Speaking to Jesus, the Pope said that “our gaze upon you is full of shame, repentance and hope. Before your supreme love, shame pervades us for having left you alone to suffer for our sins … shame for having chosen Barabbas and not you, power and not you, appearance and not you, the god of money and not you, worldliness and not eternity.”
The Pope added that Christians should also feel shame for those who “allowed themselves to be deceived by ambition and vainglory, losing sight of their dignity and first love,” leaving behind a world “fractured by divisions and wars” and “consumed by selfishness.”
In speaking of those who have left the world “fractured by divisions and wars,” Pope Francis doesn’t seem to have said a word about the religion that actually teaches that believers should wage war against and subjugate unbelievers. But of course, about that religion he has said, “Authentic Islam and the proper reading of the Koran are opposed to every form of violence.”

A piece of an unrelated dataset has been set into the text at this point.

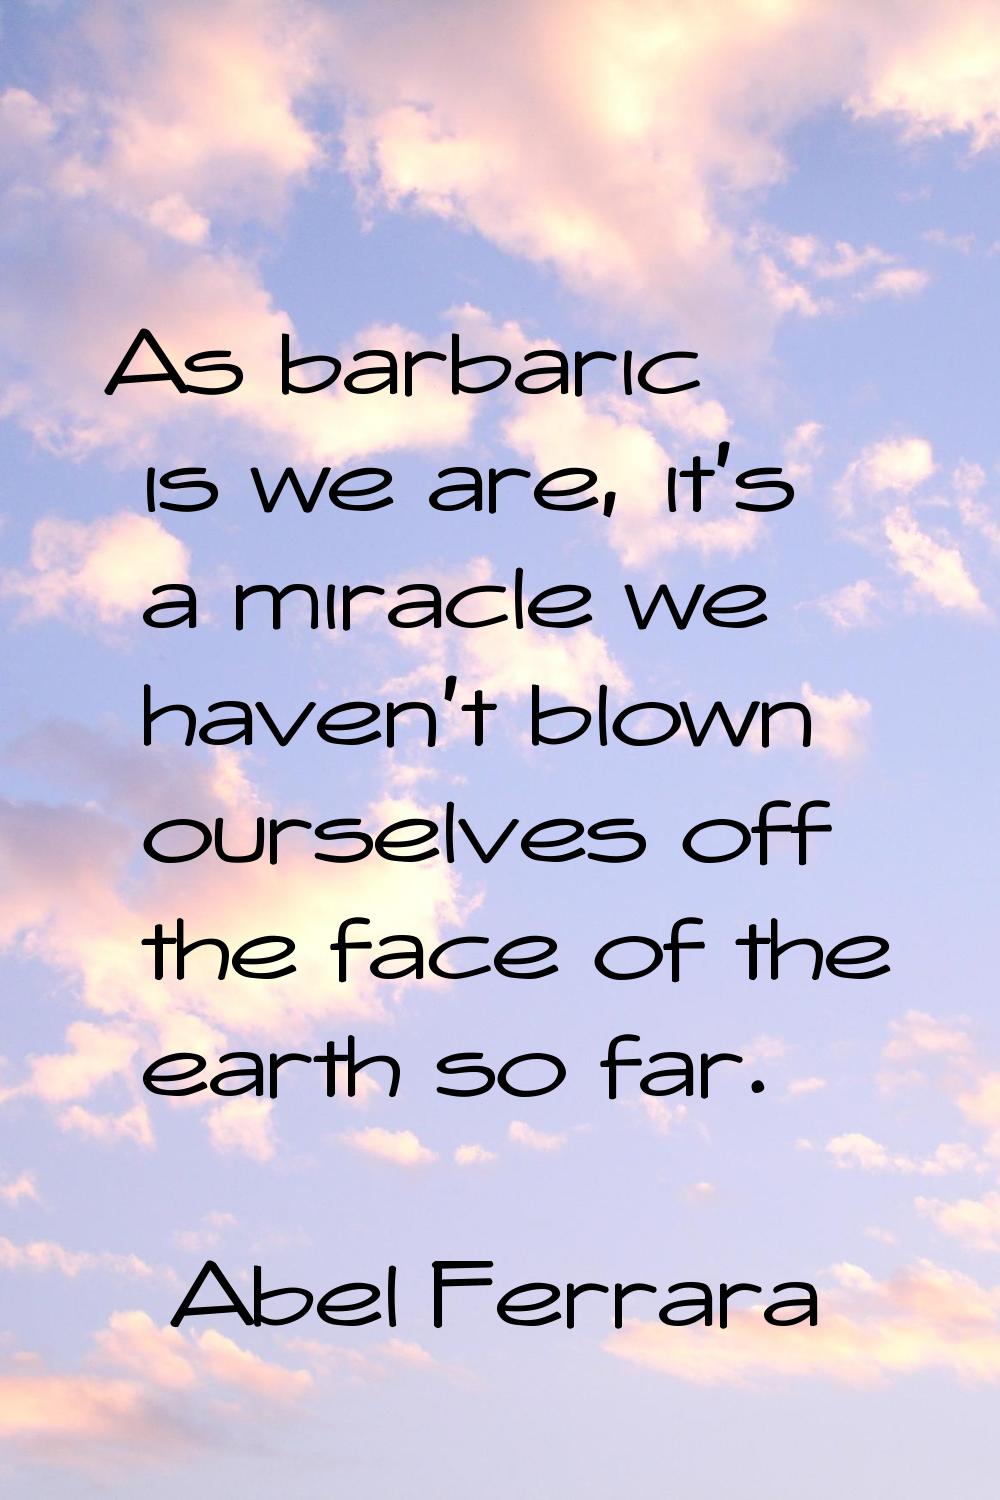 As barbaric is we are, it's a miracle we haven't blown ourselves off the face of the earth so far.

So it is the Christians who should feel shame for the strife in the world, not anyone else.
This is nothing new. Pope Francis last September met in the Vatican with Dr. Muhammad bin Abdul Karim Al-Issa, the secretary general of the Muslim World League (MWL), a group that has been linked to the financing of jihad terror. During the meeting, al-Issa thanked the Pope for his “fair positions” on what he called the “false claims that link extremism and violence to Islam.”
In other words, al-Issa was thanking the Pope for dissembling about the motivating ideology of jihad terror, which his group has been accused of financing, and for defaming other religions in an effort to whitewash Islam.

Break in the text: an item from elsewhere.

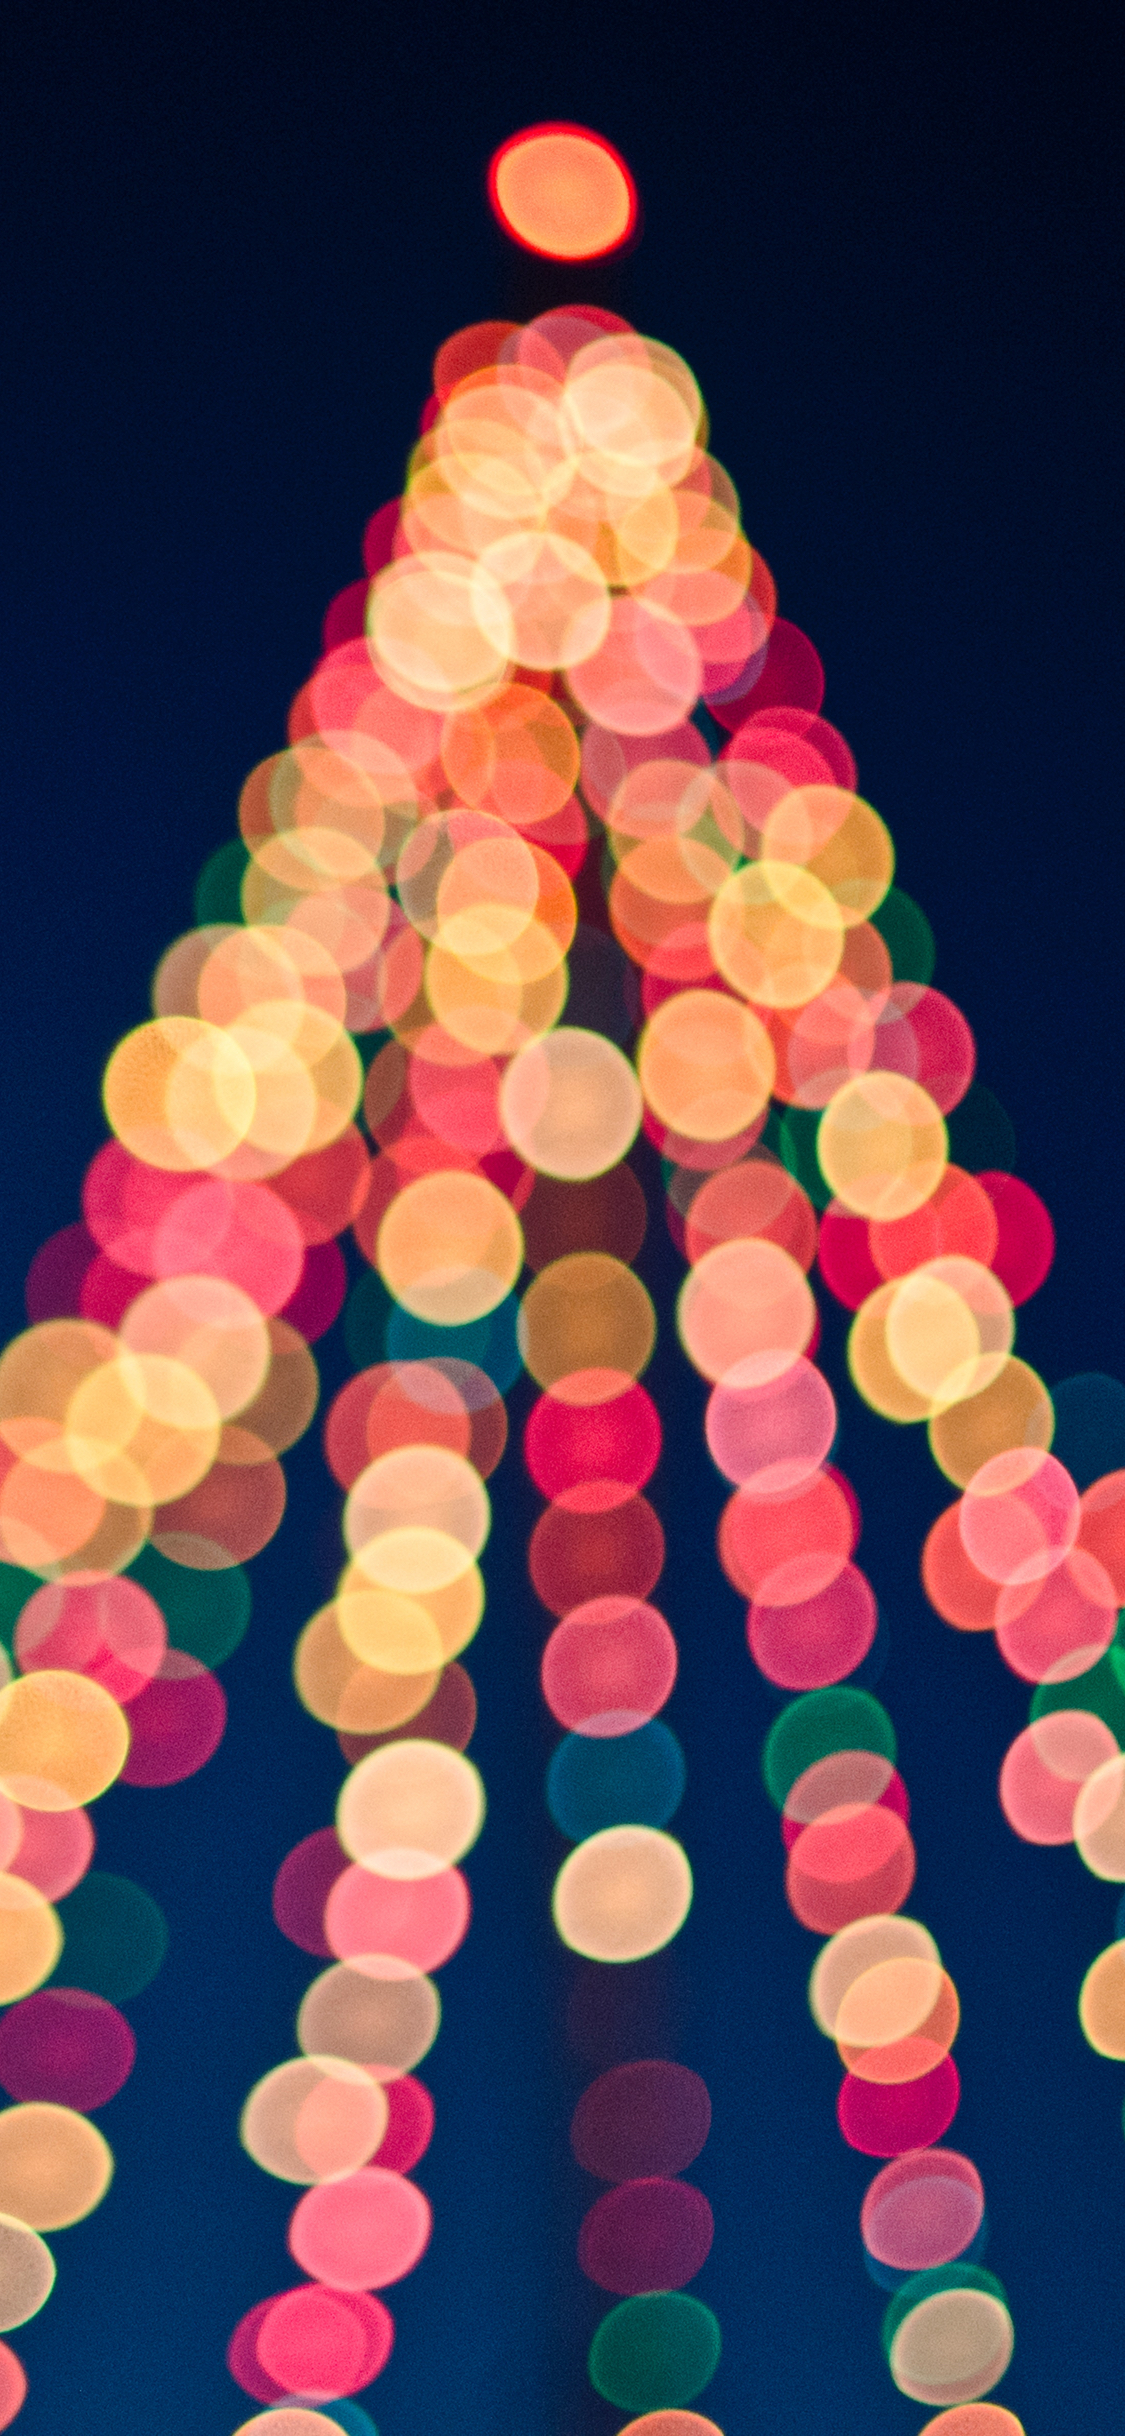 Holiday Lights For Mac, Iphone, Iphone X, Ipad, And - HD Wallpaper

Nor was that the first time a Muslim leader thanked this Pope for being so very useful. Last July, Ahmed al-Tayeb, the Grand Imam of Cairo’s al-Azhar, thanked him for his “defense of Islam against the accusation of violence and terrorism.”
Has any other Pope of Rome in the history of Christianity ever been heralded as a “defender of Islam”? In my forthcoming book The History of Jihad From Muhammad to ISIS, I detail the centuries of effort that the warriors of jihad poured into trying to conquer and subjugate the Christians of Europe, and the pivotal role that the Catholic Church played in the resistance to the jihad. Pope Francis, unlike his predecessors, would like not have called for a defense against the jihadis, but would have opened the gates to them.

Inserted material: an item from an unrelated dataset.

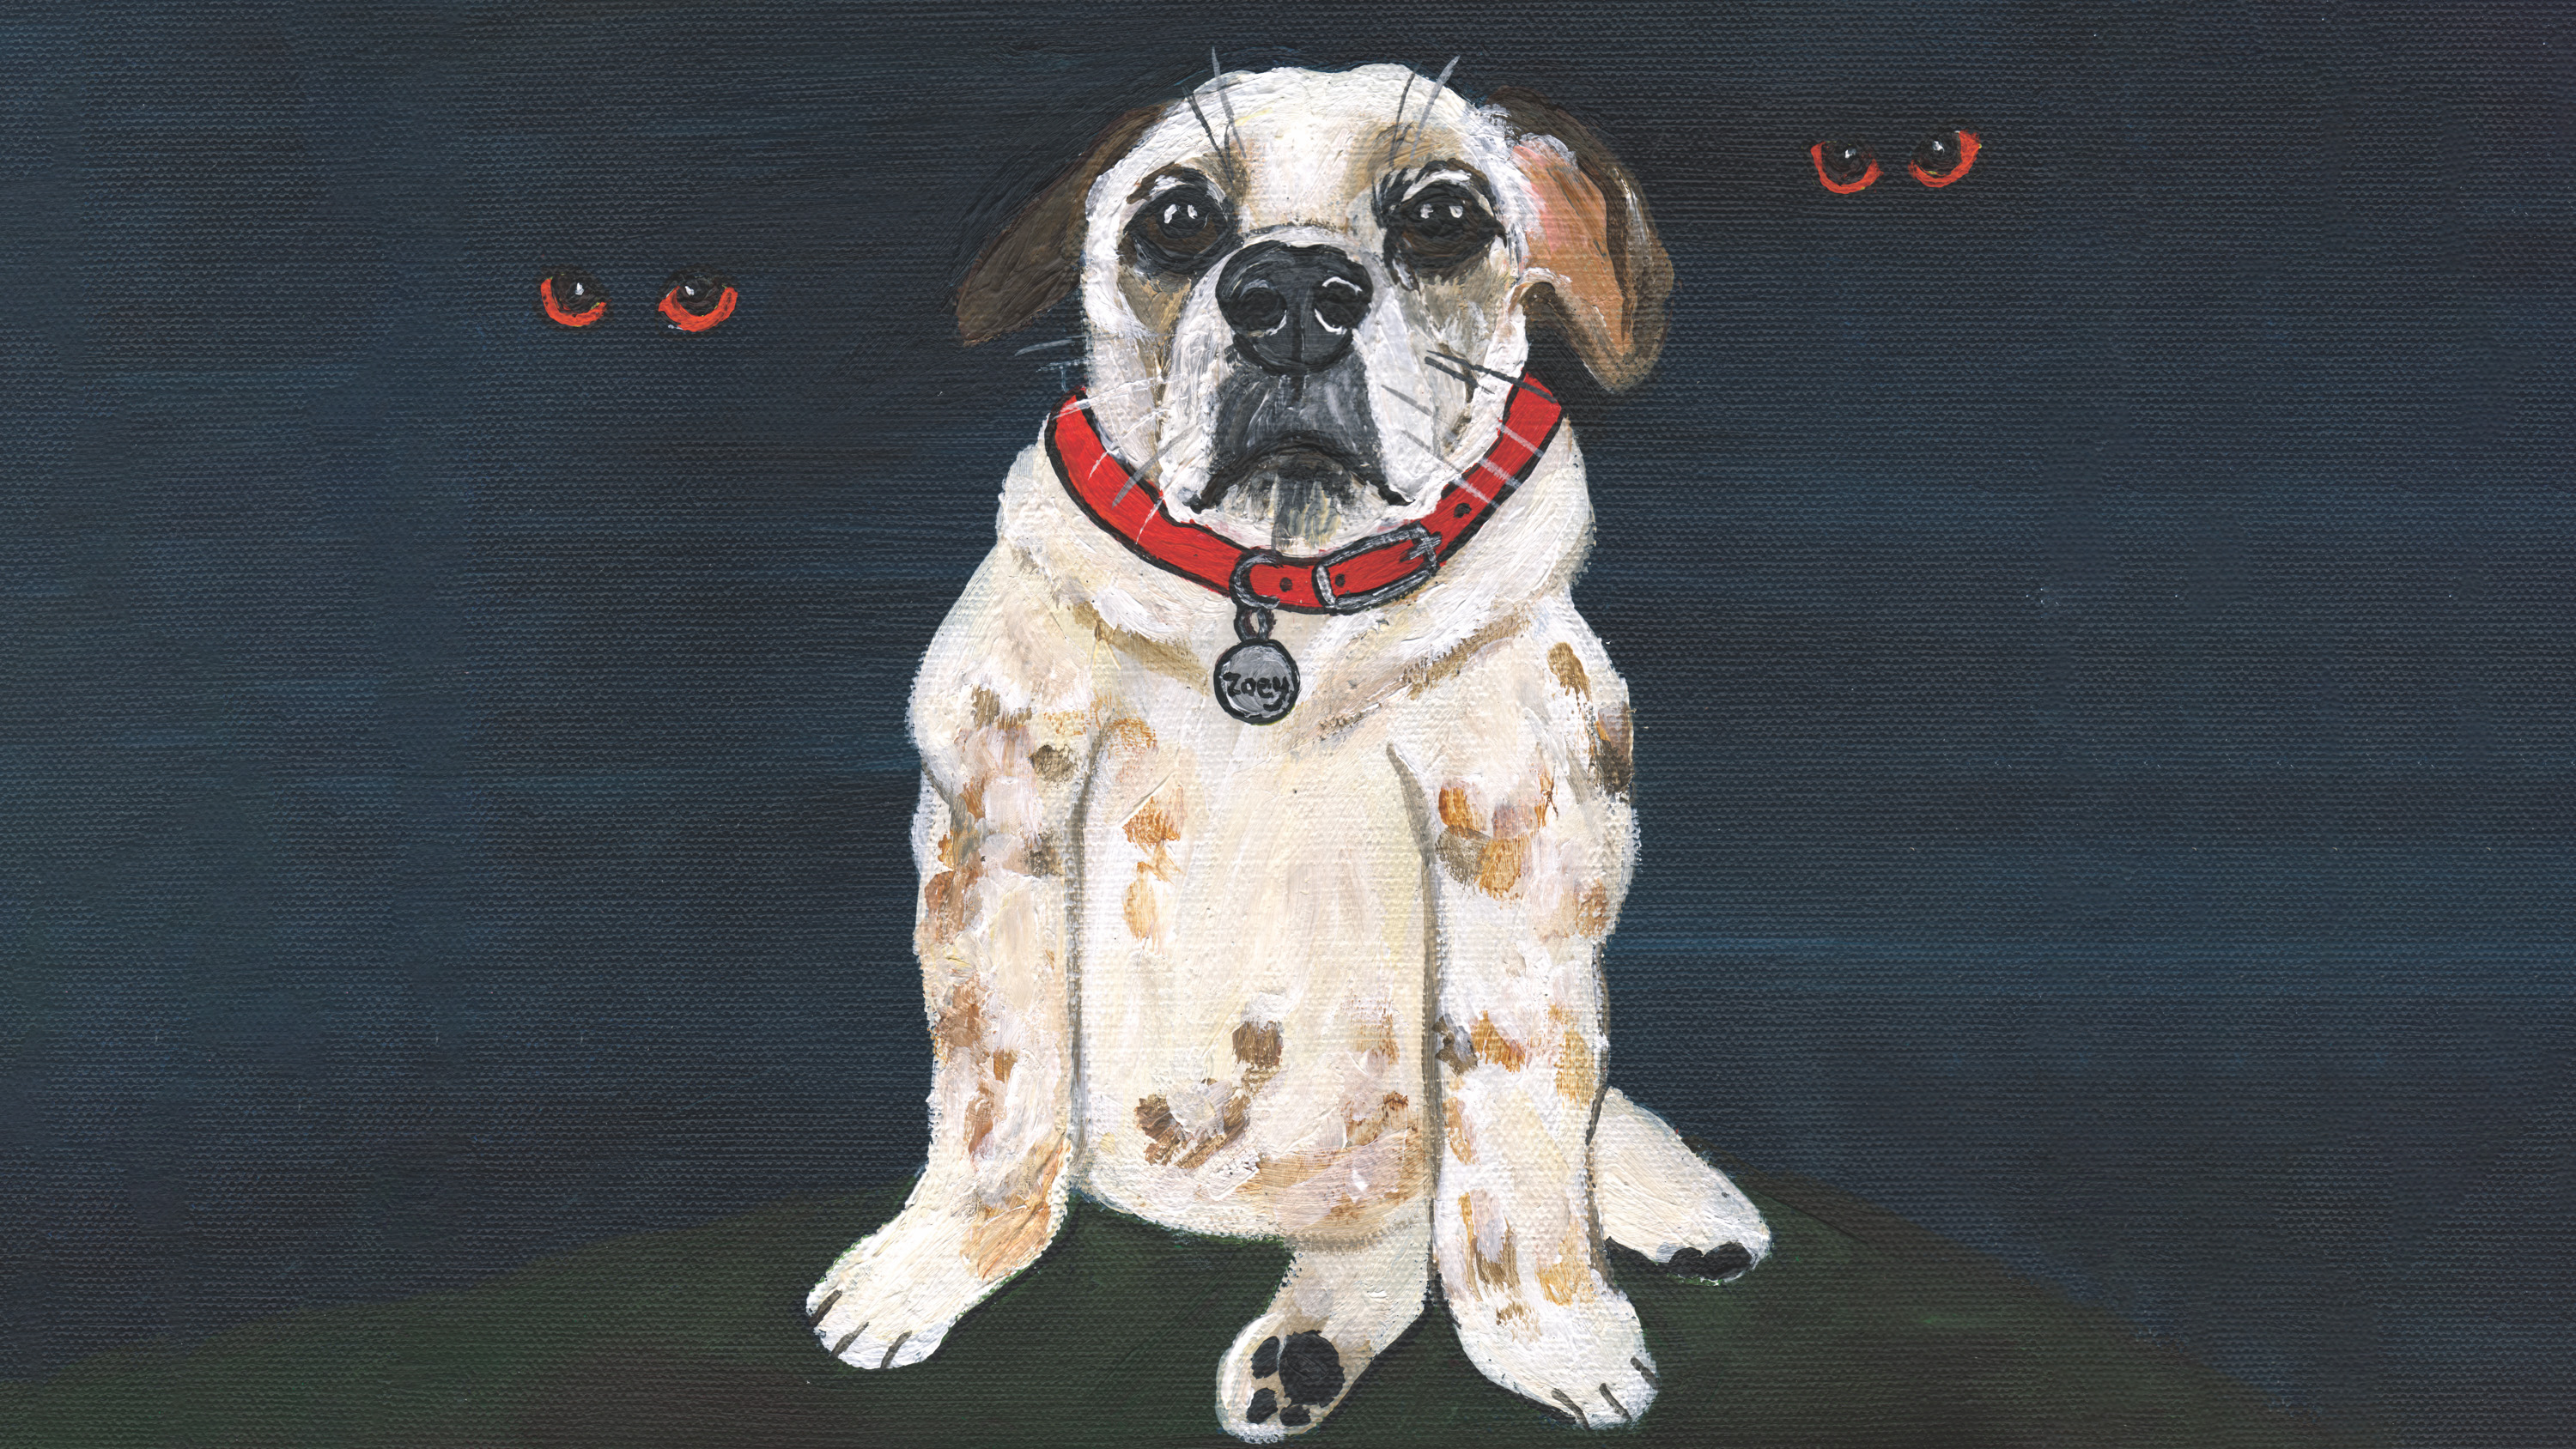 painting of dog with eyes in the darkness behind

After all, Francis is not just a defender of Islam, but a defender of the Sharia death penalty for blasphemy: after Islamic jihadists murdered the Charlie Hebdo cartoonists who had drawn Muhammad, Francis obliquely justified the murders by saying that “it is true that you must not react violently, but although we are good friends if [an aide] says a curse word against my mother, he can expect a punch, it’s normal. You can’t make a toy out of the religions of others. These people provoke and then (something can happen). In freedom of expression there are limits.”


So for the Pope, murdering people for violating Sharia blasphemy laws is “normal,” and it isn’t terrorism for “Christian terrorism does not exist, Jewish terrorism does not exist, and Muslim terrorism does not exist. They do not exist,” he said in a speech last February. “There are fundamentalist and violent individuals in all peoples and religions—and with intolerant generalizations they become stronger because they feed on hate and xenophobia.”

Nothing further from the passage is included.